Sunday, 30 June 2019

Fiction from Fact

The Tattooist of Auschwitz is Heather Morris' bestselling novel is based on the true story of a survivor of the Holocaust. It is a simply written love story that can be read quickly, so it is easy to see why it has been optioned for film and is popular with book clubs.

Lale Sokolov, a Slovakian Jew, was transported to Auschwitz and Birkenau in April 1942. His intelligence and ability to speak numerous languages made him a valuable asset to his captors. Lale was put to work as the tattooist, inking numbers into the forearms of his fellow prisoners. In exchange he was given certain privileges, like food rations and better accomodation, but he remained a prisoner nonetheless and always needed to be aware that one false step could result in torture or death.

One day, Lale tattoos a young woman named Gita and he falls in love at first sight. His passion for Gita compels him to survive the war and be with his love. The lengths he will go to in order to protect Gita and find some happiness in the most dire of circumstances is what has made the book a popular novel.

I have a keen interest in history and have spent time learning about the Holocaust, travelling to Auschwitz and Birkenau, and visiting Jewish history museums in Berlin, Warsaw, Krakow, Vienna, Prague, and Budapest. It is essential that the stories of those who lived through the terrors of the second World War are told, especially as we are nearing a time when there will be no one left who can give a first-hand account.

The main gate at Birkenau (June 2017)

Which is perhaps why Morris' book troubled me. In spinning a tale of romance and survival, I believe Morris has done a disservice to Sokolov, watering down the horrors of war and crafting some truly terrible dialogue. Morris has faced some criticism for the artistic license she has taken in telling Sokolov's story. She makes it clear that this is a fictionalised account, so this criticism doesn't bother me as much as the poor writing. Perhaps in the hands of a better writer, Sokolov's tale would have been more compelling.

There are certainly much better works exploring the war - both fiction and non-fiction - which are much better written. I would recommend Anne Frank's Diary of a Young Girl, Elie Wiesel's Night, Bernhard Schlink's The Reader, Thomas Keneally's Schindler's Ark, and Irene Nemirovsky's Suite Francaise, to name a few. I would recommend skipping Morris' novel and picking up one of these titles instead.

Sunday, 23 June 2019

Modern Love

Earlier this month Tayari Jones won the prestigious Women's Prize for fiction for her stunning novel An American Marriage (2018). I cheered aloud when Jones won, as I had just finished reading this remarkable novel while on holidays in Morocco.

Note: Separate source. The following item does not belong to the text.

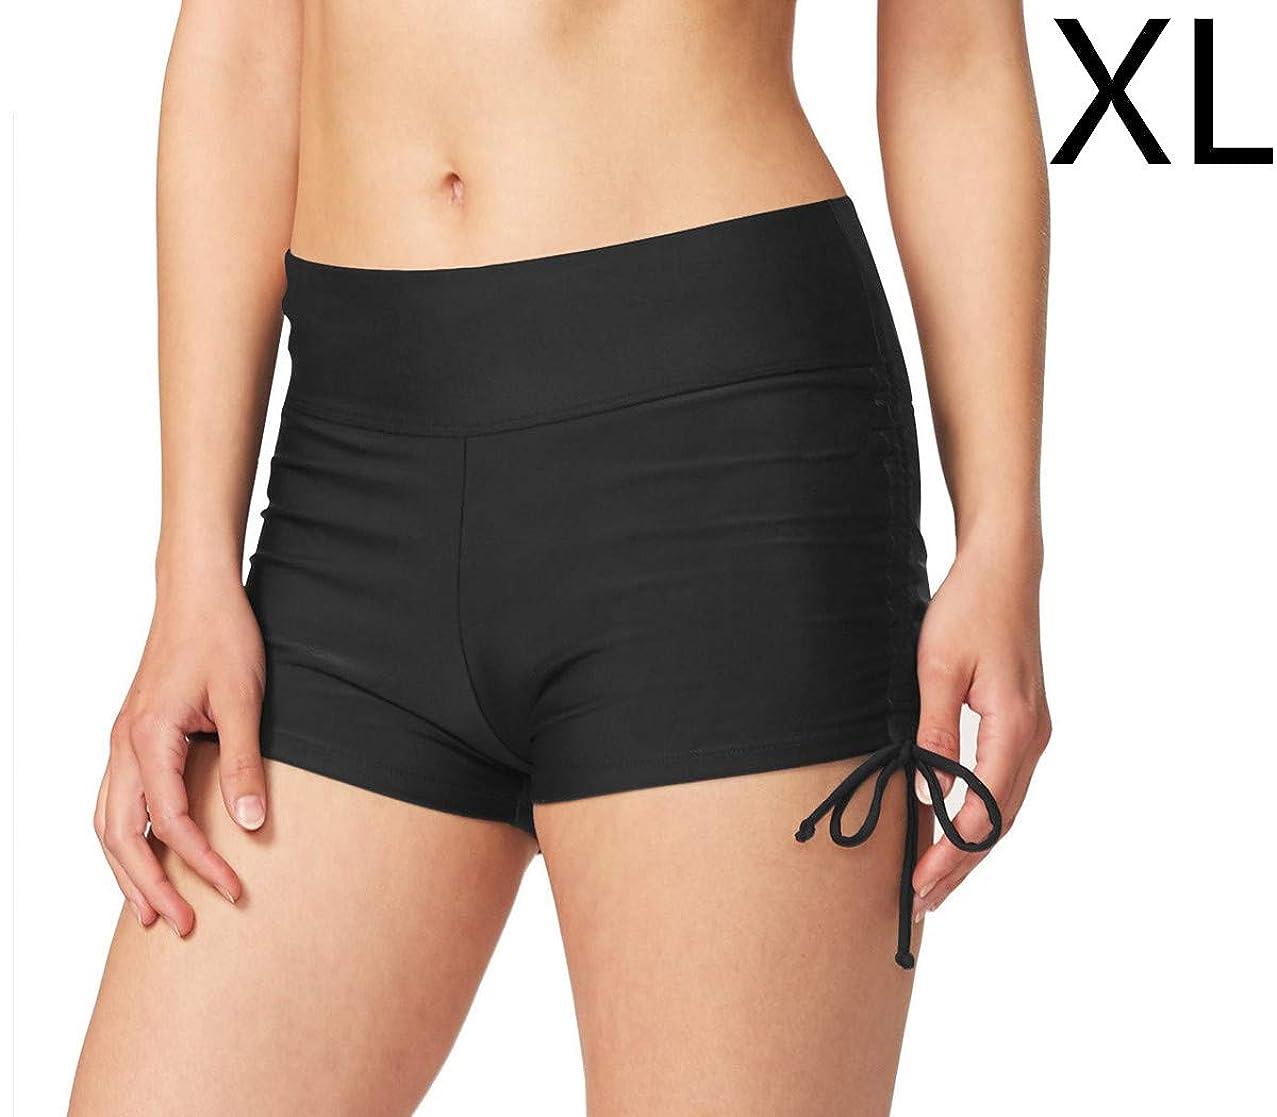 StyleZ Women's Beach Adjustable Tie Shorts Swim Boradshorts Bikini Bottom for Swimming Yoga Running Sport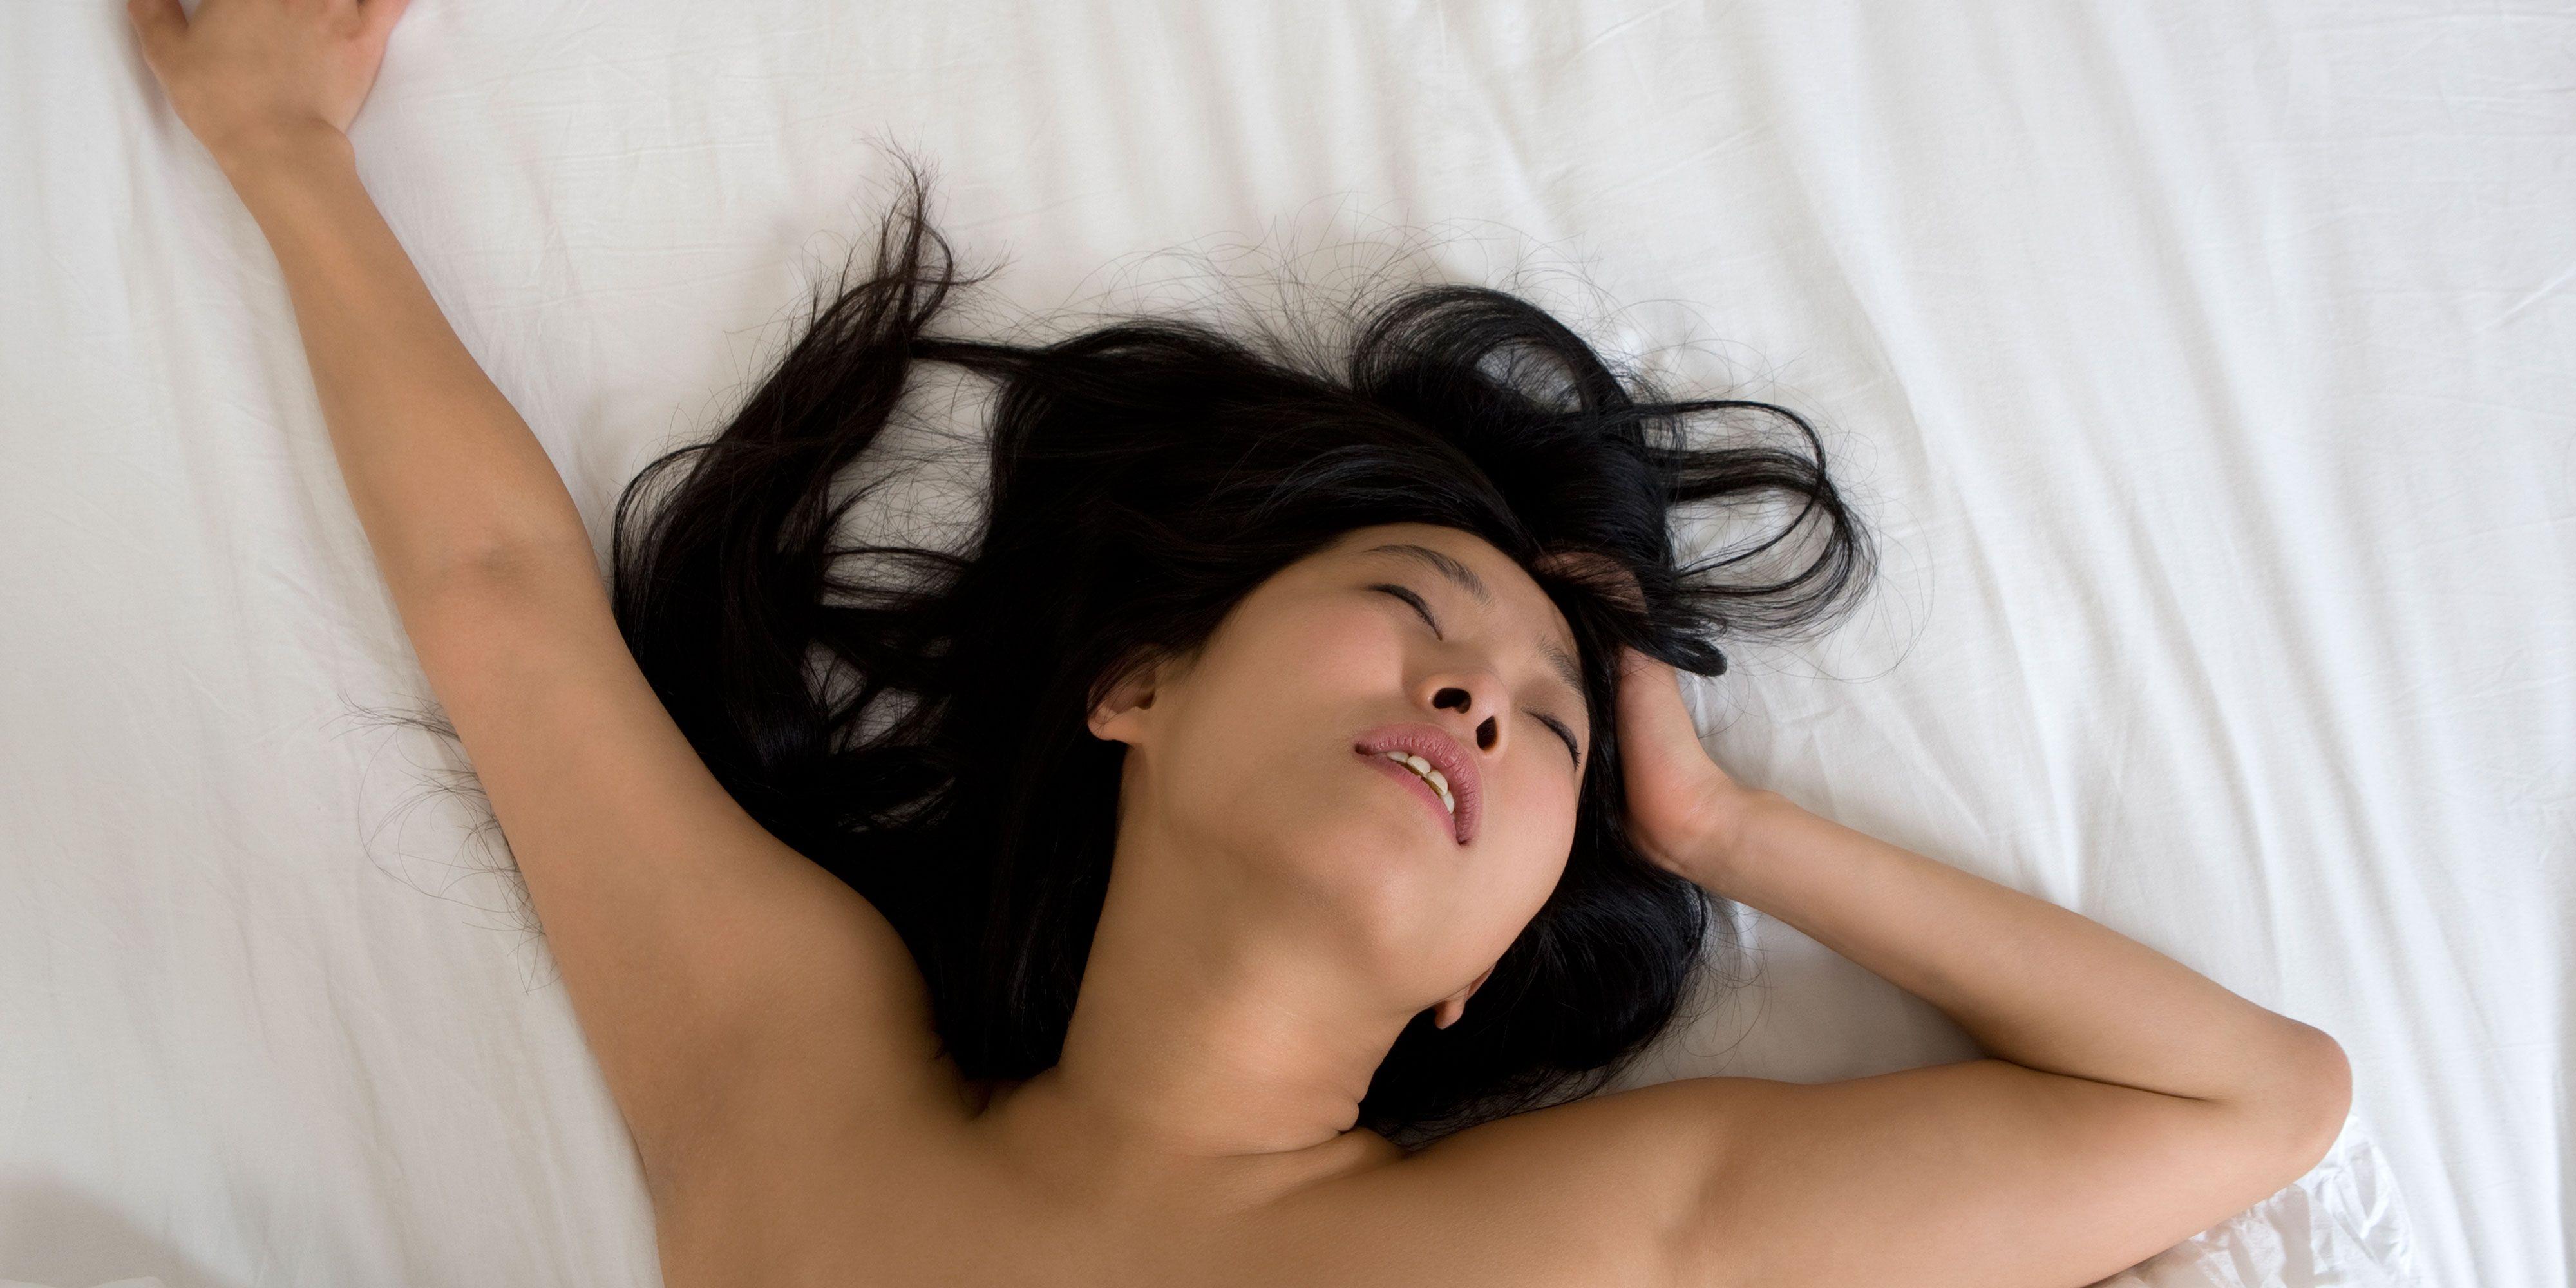 Coconut oil vaginal irritation

An American Marriage is the story of newlyweds Celestial and Roy. He is an ambitious businessman, keen to be successful and ready to start a family. She us a talented artist who is wants to focus on her career and build her doll-making business. Barely a year into their marriage they are still navigating their lives together when tragedy strikes, and a miscarriage of justice sees Roy incarcerated. Both have to adjust to their new circumstances and thwarted ambition. Will their love survive his sentence?

Told in alternating points of view, often through letters to each other, Jones has crafted truly memorable and realistic characters.  This is the story of how people cope with change, the expectations on relationships, and the nature of love. An American Marriage is also a damning indictment on the American judicial system and the deep racism that pervades all aspects of society. As the Women's Prize judges claimed, Jones 'shines a light on today's America'.

Heartbreaking and beautiful, this novel will stay with me for a long time and I suspect will end up on my list of favourite reads in 2019.  Highly recommended for anyone interested in a moving, intimate, character-driven story.

Twisted Sister

At this year's Sydney Writers' Festival I attended a session with Nigerian author Oyinkan Braithwaite about her debut novel, My Sister, the Serial Killer (2018).  I so enjoyed the excerpts Braithwaite read from her book, and her journey as a writer, that I purchased a copy and quickly read it after the festival.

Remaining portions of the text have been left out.